What I took away from the visit was how much of a "real" person the St. Bernard is and how easy he is to get along with.  Skippy likes to keep all flow of information through himself and tells the rest of us that we're not to speak to the St. Bernard or various administrators on campus.  (So, when they e-mail, phone, or text us directly, I comply with their wishes and respond, but I don't initiate contact.)  It was a pleasure to have a chance to speak with him for a while.  (Skippy had left already.)

No, I already knew that everyone's mother loves me.  (The wife feeling so also was a bonus.)

Thursday, May 10, 2012

Is that a stick of dynamite in your pants, or are you just happy to see me?

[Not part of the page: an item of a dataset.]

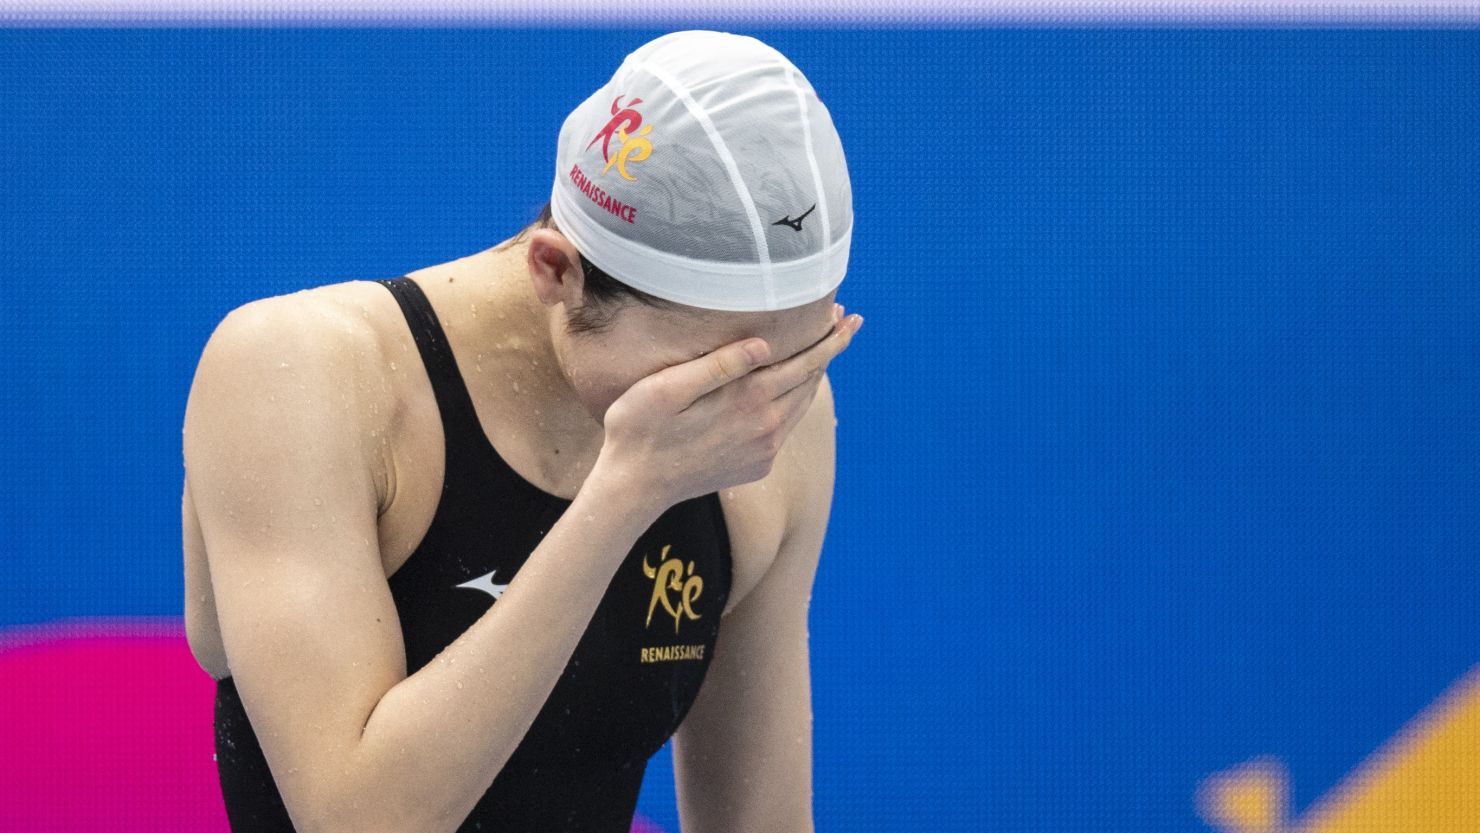 Rikako Ikee reacts to winning the 100m butterfly final at the Japan national swimming championships.

I wonder what the Transportation and Security Administration will come up with to foil plots like this.  Will we have to strip off completely at airports?  (Oh, but I like to leave my socks on!)  Seriously.  The next time I need to take a trip, I might as well walk.

Wednesday, May 09, 2012

My mustache will have about as long a shelf life as that song did.

At lunch today, one of the cafeteria workers gestured to my mustache and said, "You're looking more rico suave every day."  Now I'm stuck, trying to figure out which would be a bigger compliment:  looking like Gerardo (who didn't have a mustache) or looking like this.

Monday, May 07, 2012

An Adult Imponderable

Does a courteous hooker provide receipts that read, "Thank you.  Please come again."?

This looks like a job for Captain Chlorophyll!

The superhero, that is, not me.

We discovered on Friday that some of the plants my crew planted outside the school's main entrance on Tuesday had been stolen.  (That's less than three days.)  By my estimate, about 200 baby plants had been yanked mercilessly from the ground.  The irrigation system had run since the theft, so the footprints left in the soft flowerbed had been muddled enough that we couldn't tell any tread.

So far, all I want (besides getting the plants back) is to bury the miscreant up to his/her neck in the soil and stick little blue flowers in his/her head.

Friday, May 04, 2012

There's something on your face.

That's what the wag (or so he thinks of himself) on my crew said to me about my mustache.  The jokes which the people at bowling told me didn't even make sense.  The good news is that my barber said he can get rid of it for me when I'm done with it.

At two weeks after beginning, the hairs in my mustache are now kind of soft, rather than bristly.  Still, it's weird, trying to scratch an itch and realizing there's something between my finger and my face, or drinking and feeling the outermost hairs rubbing against the curve of the glass.

The other day, I looked in the mirror and thought I might pass for Dr. Watson.  The next day, I resembled a stock, English, ex-military man, kind of like the customer in Are You Being Served? who said, "It's a pity they discontinued national service" (not Captain Peacock, whom the cafeteria manager once described as "the uppity one with the moth-eaten 'tache").

Yes, I know Betty requested pictures.  I do have my anonymity to protect, though.  I suppose I could stand in front of a mirror and use the camera itself to block the upper half of my face.  Or maybe I can use whatever image-altering software is on my computer to crop out everything but my mustache.  First, I have to convince myself to do it.  After all, if the camera adds ten pounds to my weight, and if the mustache adds ten years to my age, do I really want all of you seeing me like that?